The only log lines that I can find are below that make sense when its dropping packets.

my current network setup is HW ETH0 → BRIDGE → VETH → OVN

I use a bridge on the main interface so I can still use it while openvswitch has ovn running

2025-01-31T22:18:41.428Z|00005|ofproto_dpif_xlate(handler5)|WARN|Dropped 666 log messages in last 63 seconds (most recently, 24 seconds ago) due to excessive rate
2025-01-31T22:18:41.428Z|00006|ofproto_dpif_xlate(handler5)|WARN|over 4096 resubmit actions on bridge br-int while processing icmp6,in_port=1,vlan_tci=0x0000,dl_src=00:16:3e:22:f3:1a,dl_dst=33:33:00:00:00:02,ipv6_src=fe80::216:3eff:fe22:f31a,ipv6_dst=ff02::2,ipv6_label=0x72933,nw_tos=0,nw_ecn=0,nw_ttl=255,nw_frag=no,icmp_type=133,icmp_code=0
2025-01-31T22:19:40.906Z|00001|ofproto_dpif_xlate(handler162)|WARN|Dropped 175 log messages in last 59 seconds (most recently, 36 seconds ago) due to excessive rate
2025-01-31T22:19:40.906Z|00002|ofproto_dpif_xlate(handler162)|WARN|over 4096 resubmit actions on bridge br-int while processing arp,in_port=1,vlan_tci=0x0000,dl_src=00:16:3e:75:bf:85,dl_dst=ff:ff:ff:ff:ff:ff,arp_spa=100.65.0.254,arp_tpa=100.65.100.53,arp_op=1,arp_sha=00:16:3e:75:bf:85,arp_tha=00:00:00:00:00:00

Here is my incus network currently with some redactions

config:
  dns.nameservers: 100.65.0.254
  ipv4.gateway: 100.65.0.254/16
  ipv4.ovn.ranges: 100.65.50.10-100.65.59.254
  parent: UPLINK
  volatile.last_state.created: "false"
description: ""
name: UPLINK
type: physical
used_by:
- /1.0/networks/<REDACTED>
- /1.0/networks/<REDACTED>
- /1.0/networks/<REDACTED>
- /1.0/networks/<REDACTED>
- /1.0/networks/<REDACTED>
- /1.0/networks/<REDACTED>
- /1.0/networks/<REDACTED>
- /1.0/networks/<REDACTED>
- /1.0/networks/<REDACTED>
- /1.0/networks/<REDACTED>
		.... etc x151 ...
managed: true
status: Created
locations:
- none
project: default

and my systemd managed veth

11: veth1@UPLINK: <BROADCAST,MULTICAST,UP,LOWER_UP> mtu 1500 qdisc noqueue master MAIN-NAT state UP group default qlen 1000
    link/ether 12:9e:a9:e6:30:b4 brd ff:ff:ff:ff:ff:ff
12: UPLINK@veth1: <BROADCAST,MULTICAST,UP,LOWER_UP> mtu 1500 qdisc noqueue master ovs-system state UP group default qlen 1000
    link/ether 5a:a8:8b:e2:8d:3b brd ff:ff:ff:ff:ff:ff

stgraber · January 31, 2025, 10:51pm

I’ve seen systems running rather astronomical number of OVN networks that weren’t hitting this.
But they were running significantly newer OVS and OVN too.

I’m planning to set up a new package repository (similar to what I have for Linux, ZFS, Incus, …) with the latest stable OVS and OVN for Ubuntu and Debian.
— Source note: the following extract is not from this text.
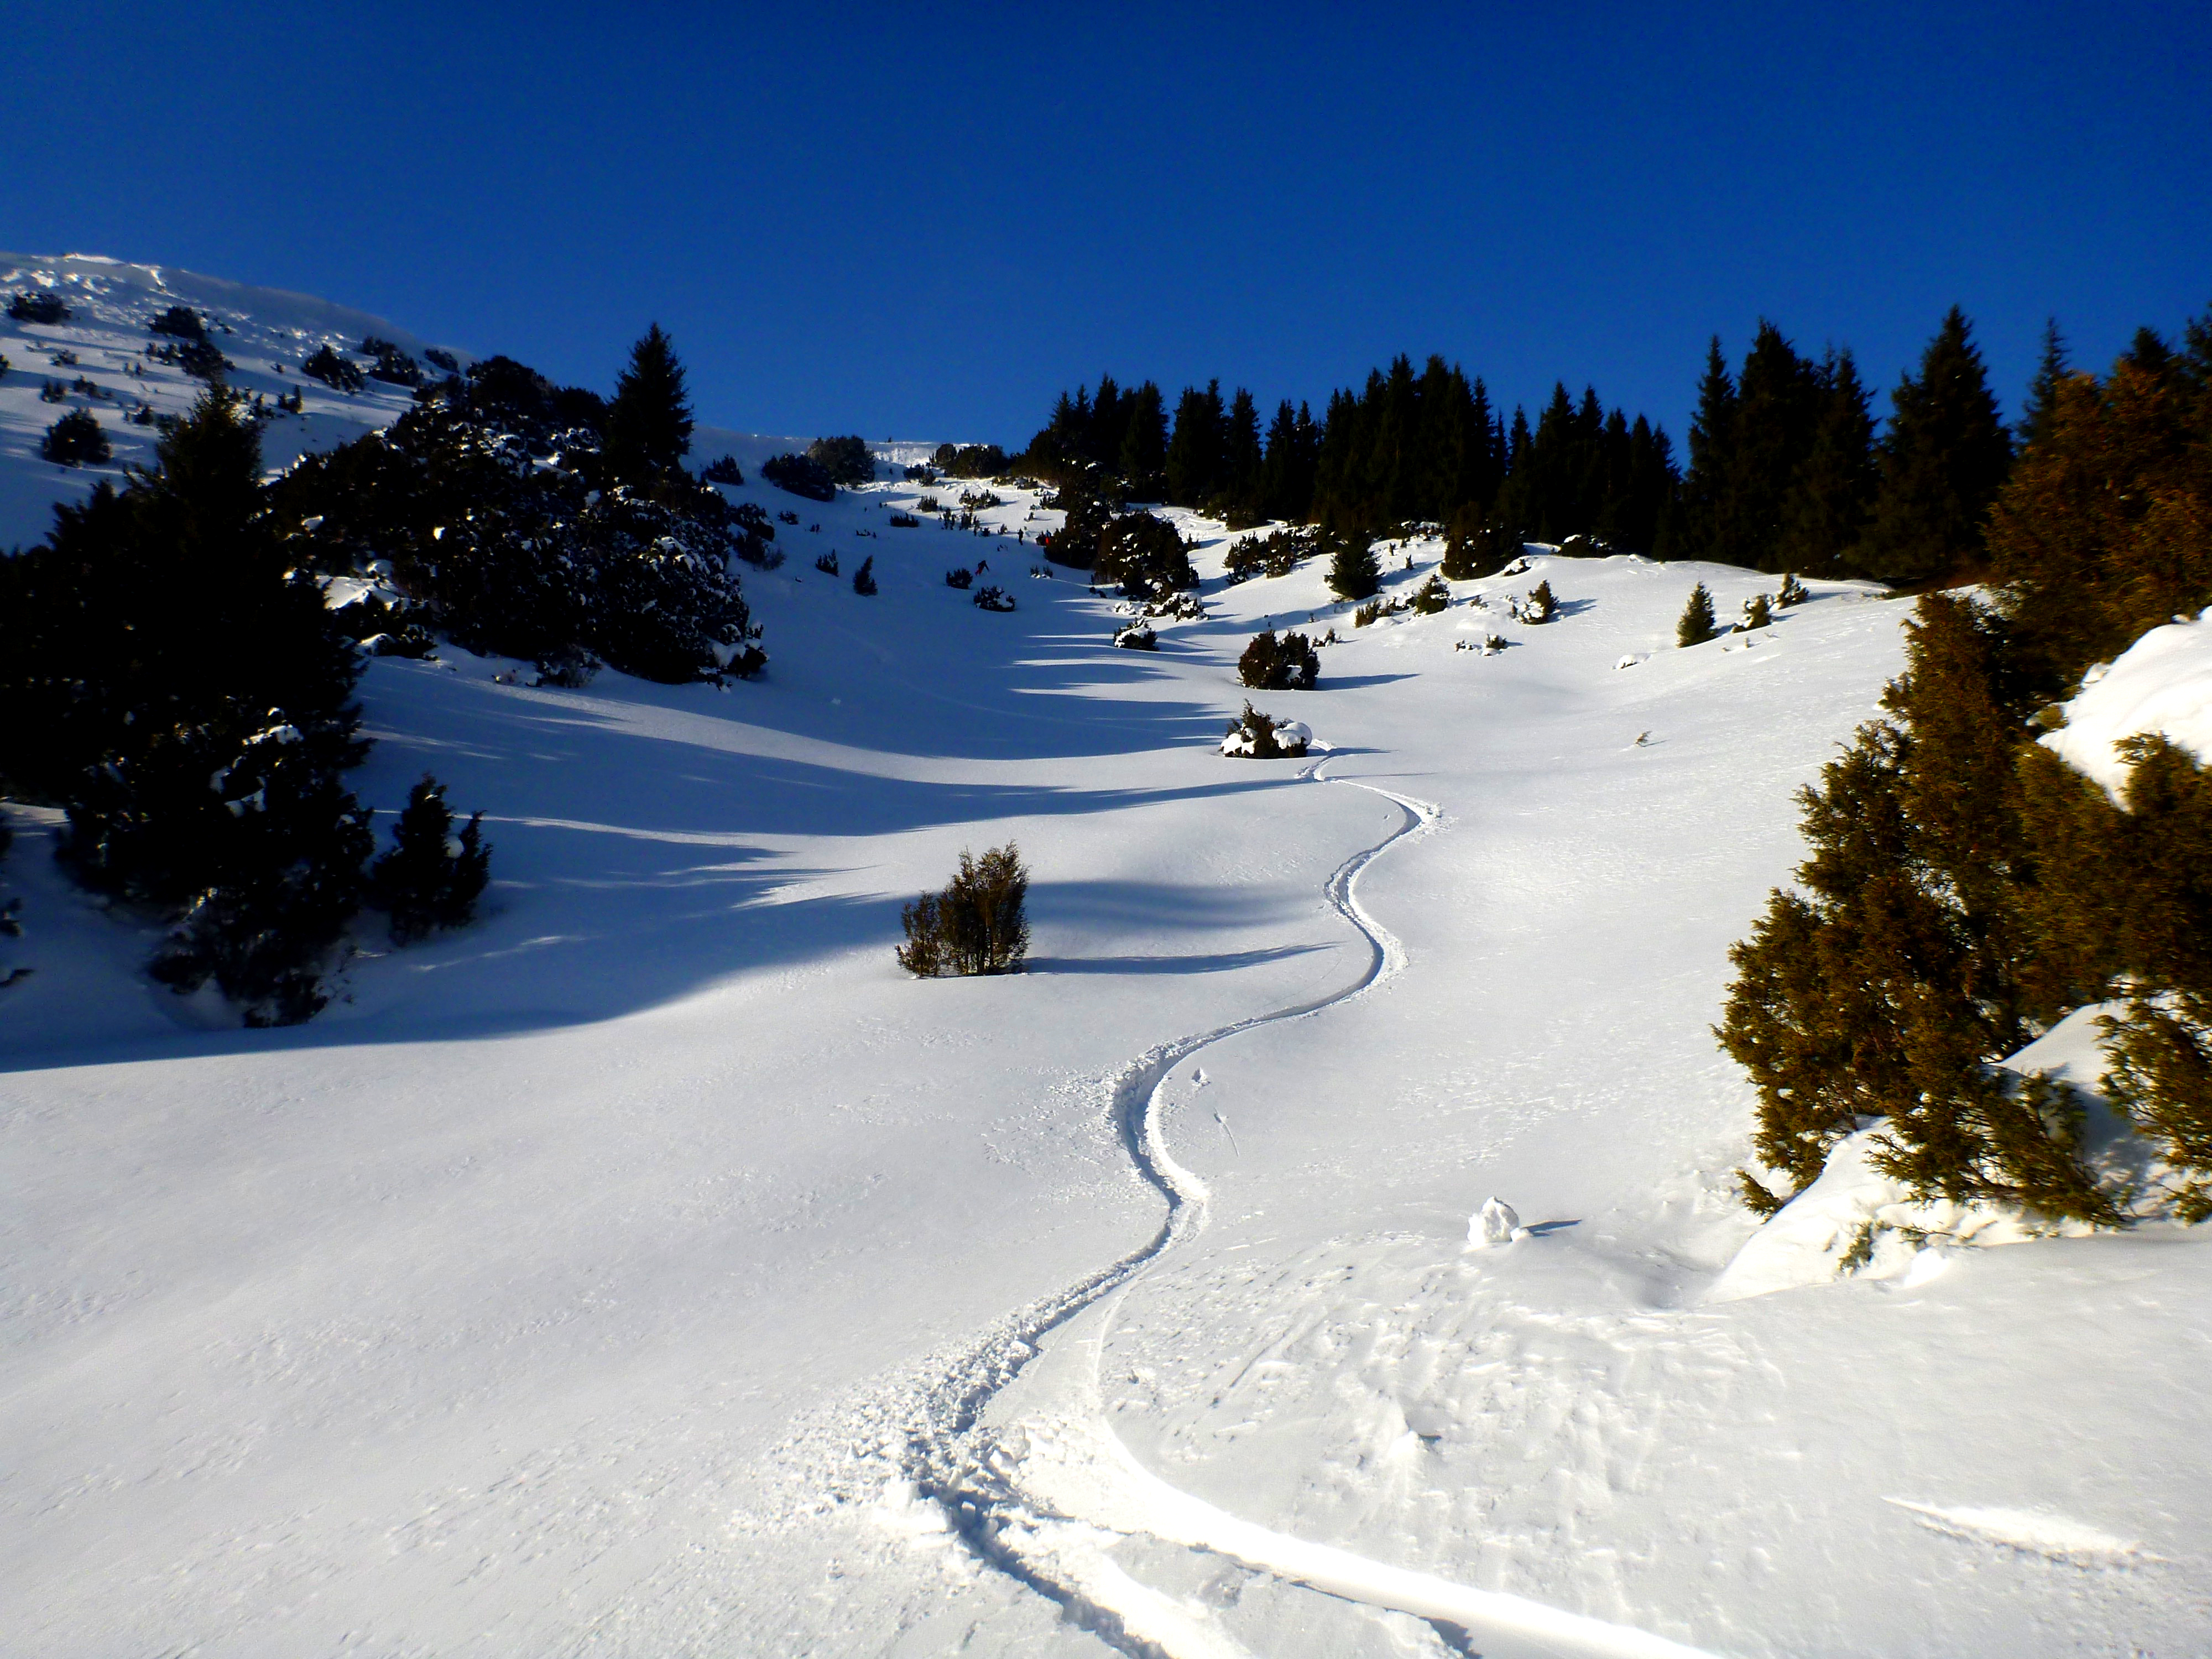 Virgin Powder ski touring snow

That should happen in the next few weeks and should make debugging such issues easier.

Forrest_Fuqua · February 1, 2025, 2:14am

I’m happy to test that! I’m a bit of a debian nerd and can even provide hosting as I work at a university (rochester institute of technology) I can even provide some compute resources for automated builds

Edit: For now, I’m going to work on compiling latest OVN/OVS with kernel module, Is there a good way to handle the database rebuild in incus? or do I need to purge out the networks and recreate them?

Forrest_Fuqua · February 12, 2025, 9:26pm

I should update that updating openvswitch/ovn (compiled from sources) did not resolve the issue.